[Start of Attachment]

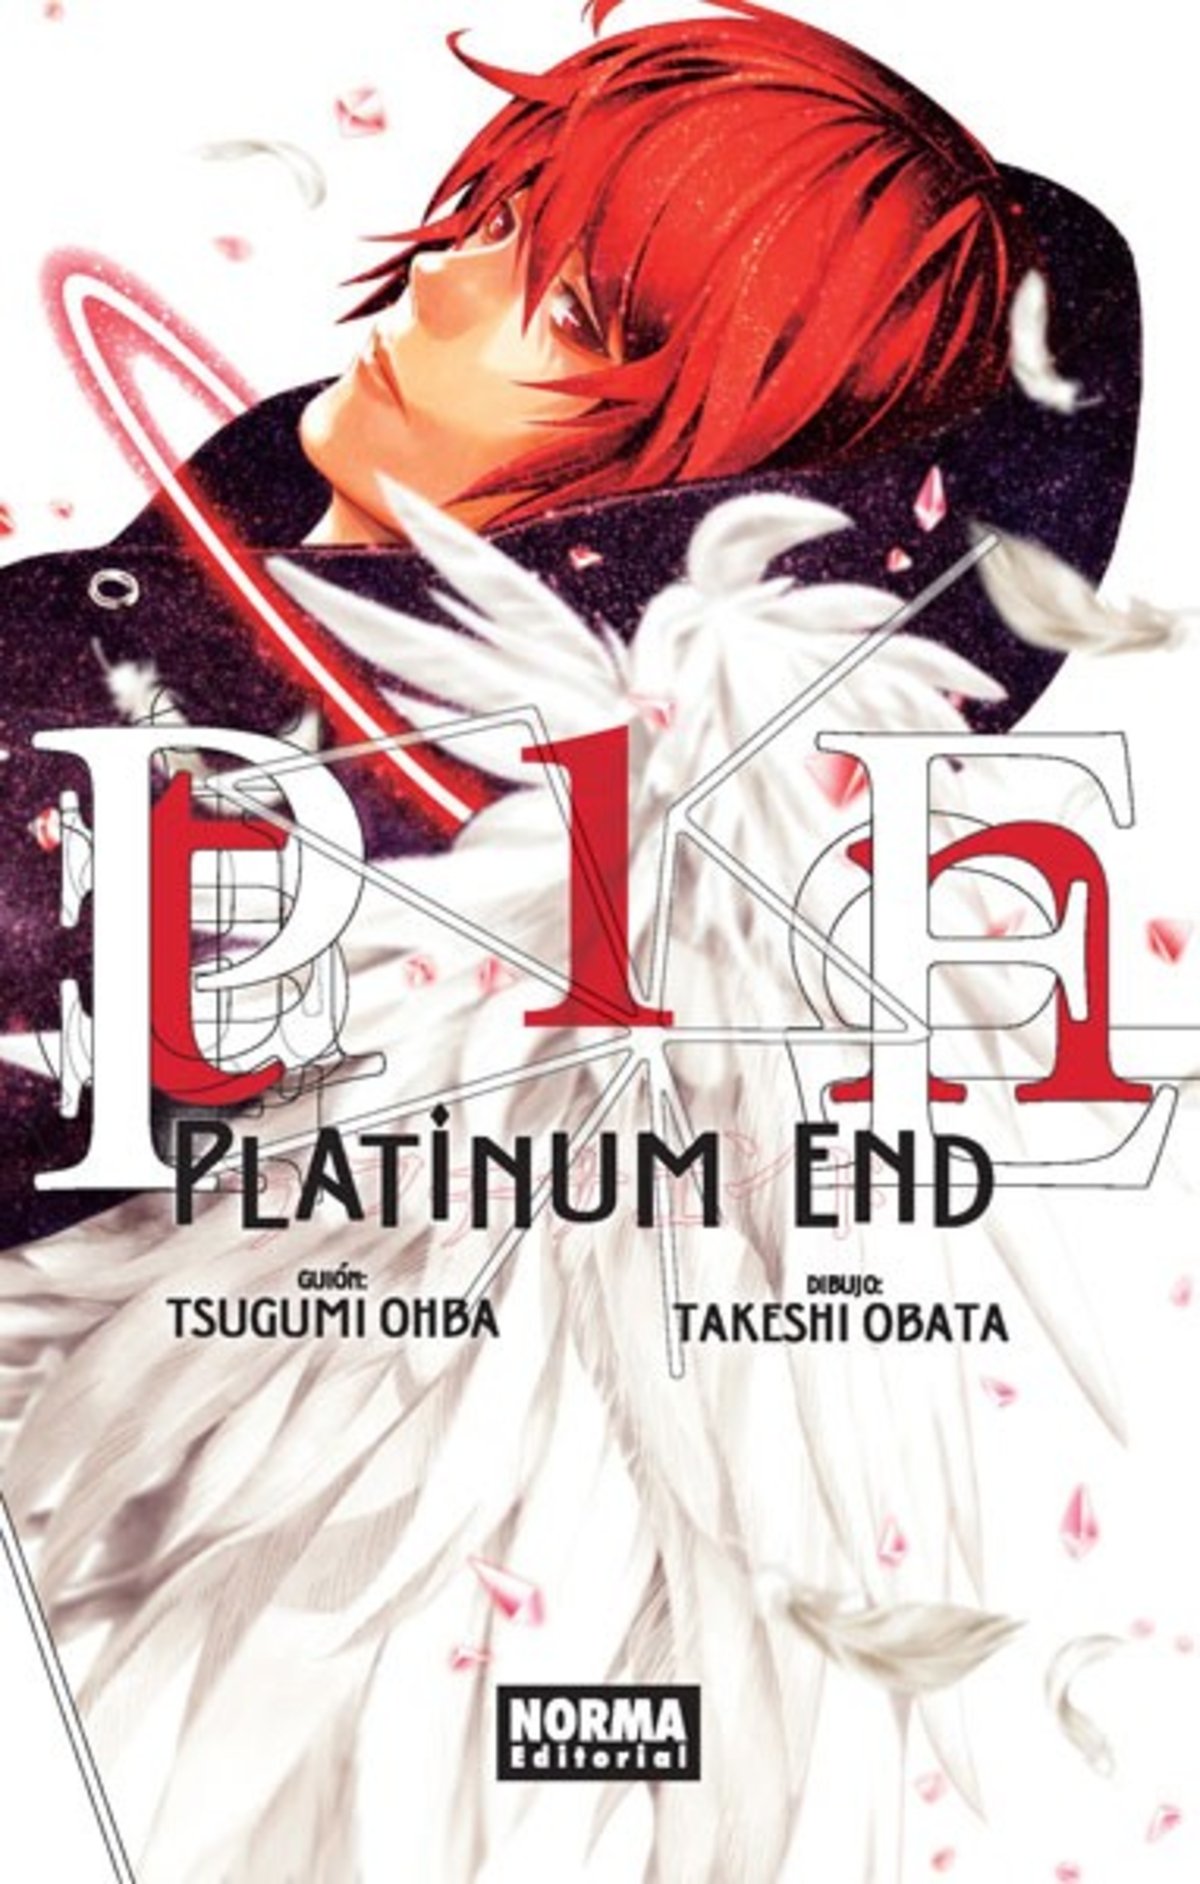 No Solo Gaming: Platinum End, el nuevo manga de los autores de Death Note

[End of Attachment]
[Start of Attachment]

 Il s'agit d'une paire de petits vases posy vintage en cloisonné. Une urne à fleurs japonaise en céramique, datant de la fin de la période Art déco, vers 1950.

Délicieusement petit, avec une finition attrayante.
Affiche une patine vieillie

[End of Attachment]
[Start of Attachment]

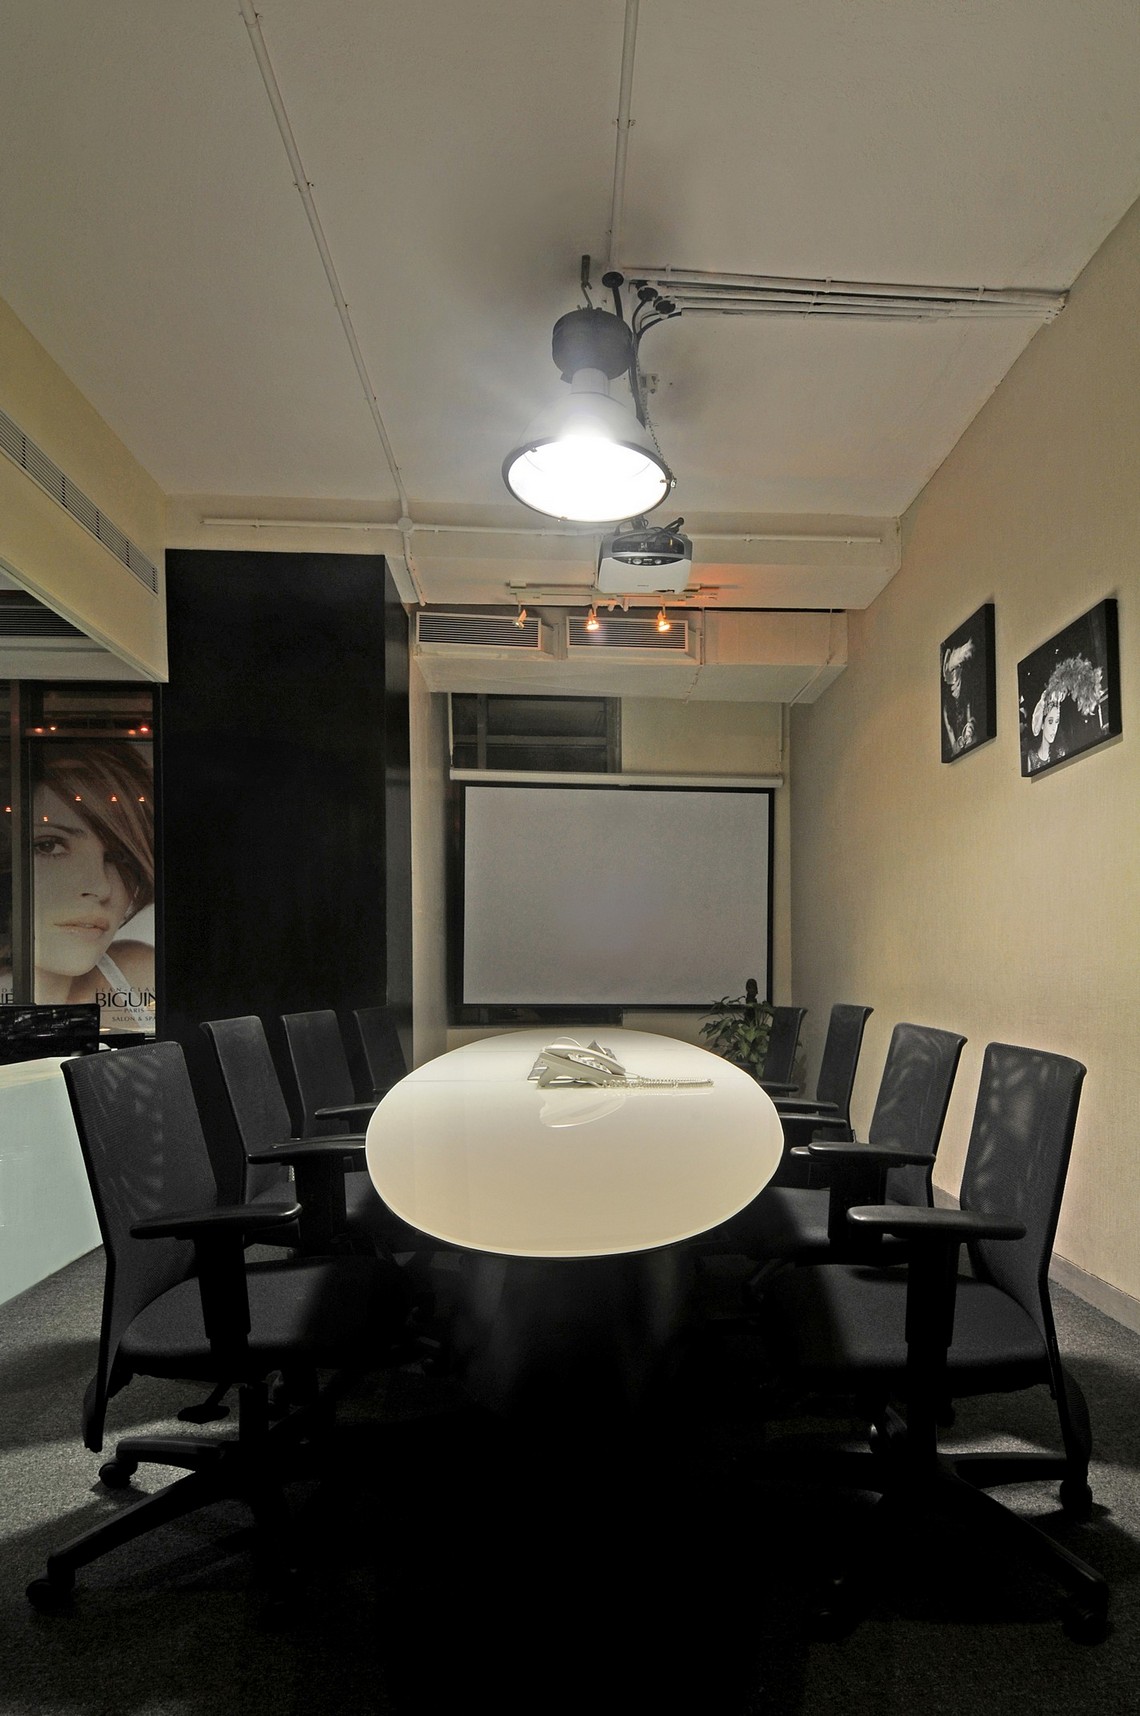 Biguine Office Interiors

[End of Attachment]

**WHAT YOU HAVE TO DO**:
Look above for the line holding "Délicieusement petit, avec". Print it and every line after it, exactly, through the line holding "Affiche une patine vieillie".

**REPLY**:
Délicieusement petit, avec une finition attrayante.
Affiche une patine vieillie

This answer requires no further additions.